Очнулся весь мокрый — отлили водой. Развязали руки, но тут же толкнули меня в круг жандармов, и со всех сторон посыпались удары — кулаками, ногами, поленьями. Особенно усердствовал тайный детектив Кондороши: тот таскал за волосы, плевал в лицо, потом ударом в печень свалил меня на пол и оттащил во двор. Но садисту и того оказалось мало: дико прыгнул на мои опухшие ноги, сорвал с икры кожу… Подбежали другие жандармы и меня бросили в машину, приковав к сидению цепями. Так отвезли в Ужгород.
Приехали туда на рассвете.
Первым зашёл в камеру февгаднадь[32] Ортутаи — сын униатского попа. Я знал его отца — он служил в Ужгородской цегольнянской церкви. Не было похоже, что сынок священника определился в волчьей стае «кемельхарито». Зашёл ко мне то ли побеседовать, то ли пожалеть. Тонкий в обращении, речь культурная, ни одного бранного словечка, на которые жандармы не скупились. Обошёл вокруг меня, покачал головой:
— За что же вас так?
Я не ответил, но молодчик не изменил корректного тона.
— Эти мясники, жандармы, — народ дикий, что с них спрашивать? Да и винить, знаете, трудно — работа тяжёлая, часто приходится иметь дело с бандитами, отбросами общества, которые не только пытаются нанести ущерб нашему государству, но и позорят его. Ясно… Ну, а вам бы следовало сделать из этого выводы. Зачем было упорствовать? Вы же умный человек, придумали бы для отвода глаз пару явочек, паролей — и получили передышку: жандармам ведь важно иметь первое признание, а дальше вы попали бы к нам…
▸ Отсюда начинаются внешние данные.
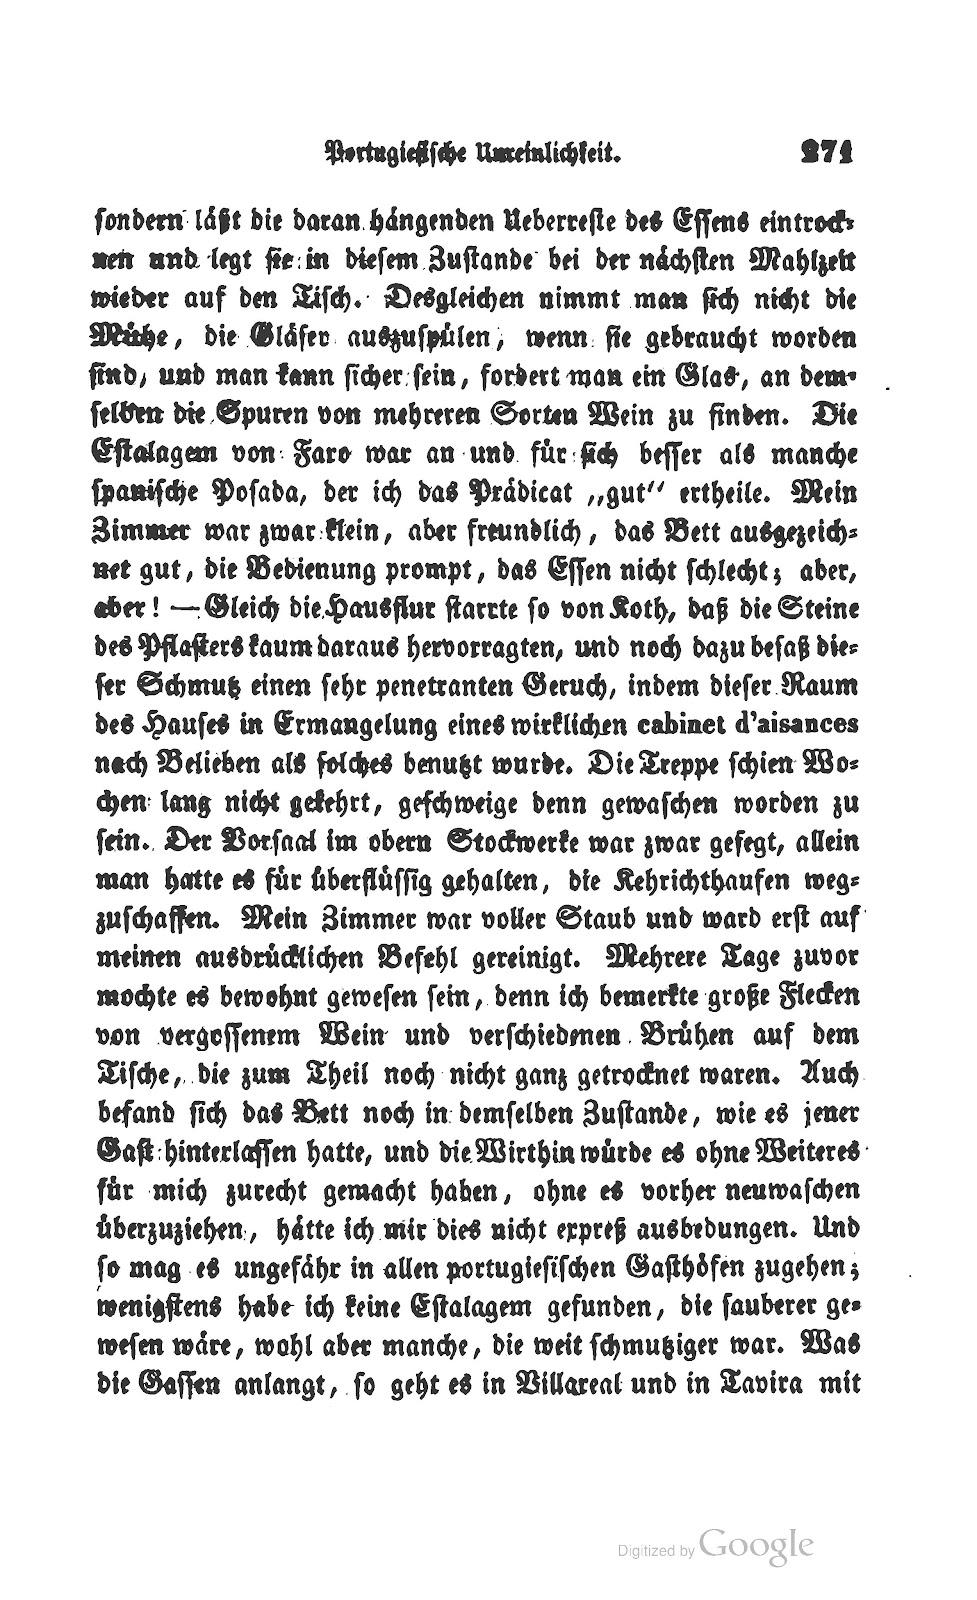 WIllkomm - 10. Kapitel Pages from Zwei_Jahre_in_Spanien_und_Portugal(3)_Page_13.jpg

— Хрен редьки не слаще! — не сдержался я.
— Понимаю, вам трудно сейчас воспринимать все объективно, вы озлоблены. Но видите, я говорю с вами спокойно, вразумительно, а ведь я защищаю законную власть, которой вы уже нанесли значительный ущерб. Как же вы могли, отец Феодосий, запродать свою душу большевикам-безбожникам? — Кто кому продал душу — жизнь покажет.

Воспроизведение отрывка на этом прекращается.